Peer-Reviewed Publication

Cell Press

Three studies in the June issue of Cell Metabolism offer additional insight into how the cells of mammals sense oxygen. Oxygen plays a central role in fueling cells, and oxygen deficiency underlies many disease conditions, including heart attack, stroke, inflammation, and cancer.

The findings should help to resolve a long-standing controversy over the identity of mammalian oxygen sensors, according to the researchers.

The studies report genetic evidence that the cellular powerhouses known as mitochondria are required for cells to detect and respond to changes in the availability of oxygen. Byproducts of mitochondrial activity, called reactive oxygen species or free radicals, signal low oxygen conditions, launching a cascade of effects that allow cells to adapt, their research shows.
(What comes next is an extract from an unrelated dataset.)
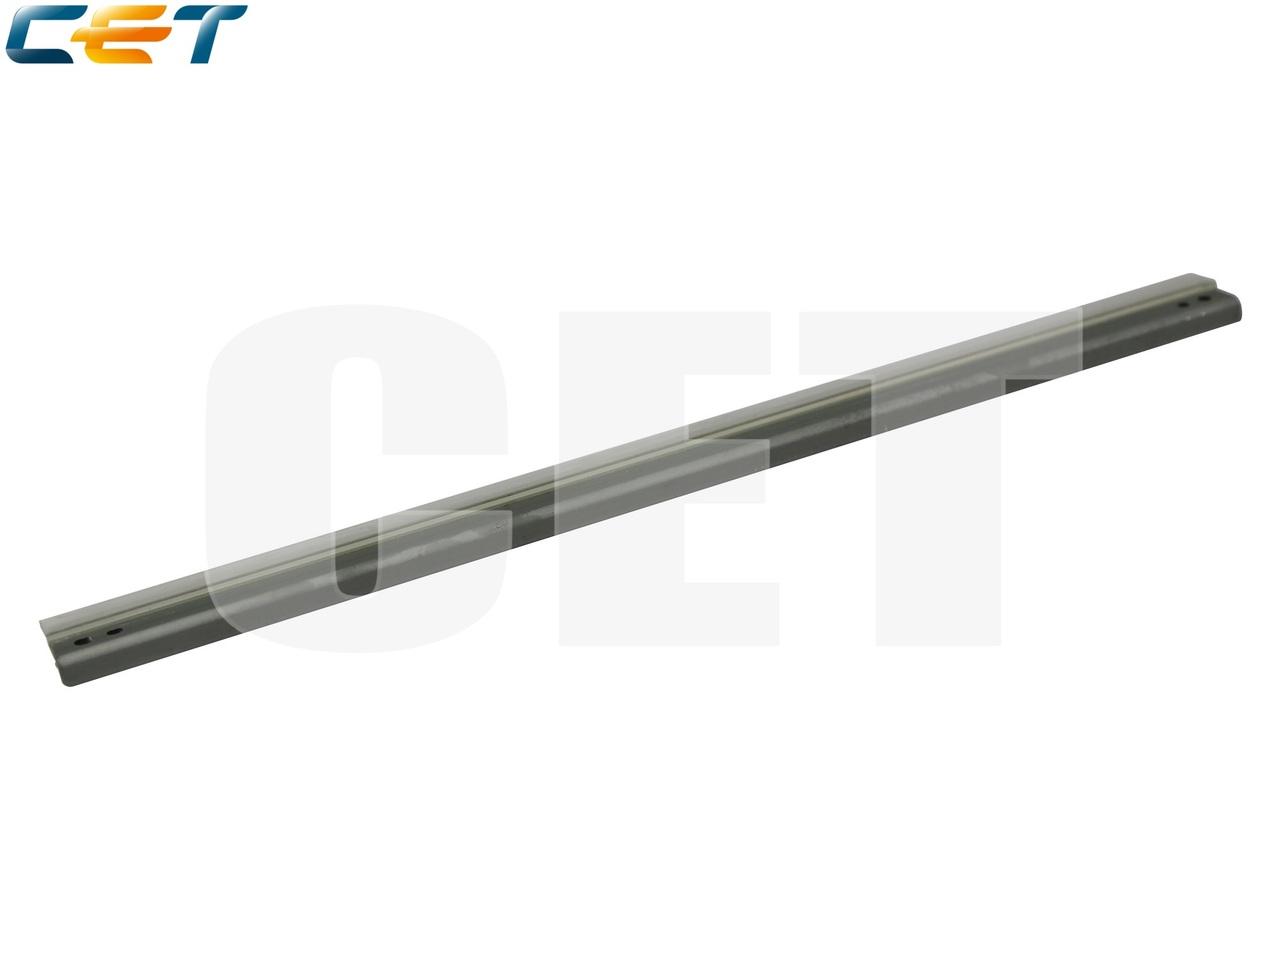 Ракель для RICOHMPC3003/MPC3503/MPC4503/MPC5503/MPC6003 (CET),CET6202

"Oxygen is so central for life," said M. Celeste Simon of the University of Pennsylvania, an author on two of the three studies. "Oxygen deprivation is behind stroke, heart attack, inflammation, and tumor physiology. Even brief oxygen limitation can render someone unable to function.

"While cellular responses to low oxygen have been studied extensively, the precise identity of mammalian oxygen sensors remains controversial. The current studies address the controversy about the role that mitochondria play in oxygen sensing, which should allow the field to move forward."

Mammals require oxygen to obtain energy and respond to decreases in oxygen supply by activating genes that preserve oxygen in tissues. Earlier findings suggested that reactive oxygen species generated by mitochondria under low oxygen conditions regulate a variety of hypoxic responses, including the activation of hypoxia-inducible factor 1 (HIF-1). HIF-1 is a master regulator of local cellular and systemic responses to oxygen starvation.

In the new studies, the groups used a variety of genetic methods to specifically disable the function of mitochondrial components, thereby inhibiting mitochondrial activity and the production of its free radical byproducts, including hydrogen peroxide. They then examined the consequences of that inactivation for the cell's defenses against low oxygen.

In mouse cells lacking mitochondrial activity, oxygen sensing fails and a component of element of hypoxia response, HIF-1a, is degraded as it is under normal oxygen, Simon's team reported. Treatment with hydrogen peroxide stabilized the defense protein.

Two companion studies in the same journal issue, led by Paul Schumacker at The University of Chicago and Navdeep Chandel at Northwestern University, provide additional support that reactive oxygen species produced by mitochondria under conditions of low oxygen stabilize HIF-1a.

The new findings bolster an earlier report by the studies' senior authors, which implicated mitochondria as potential oxygen sensors. That report had remained controversial because experiments designed to test the idea by limiting mitochondrial function with nonspecific drugs yielded conflicting results.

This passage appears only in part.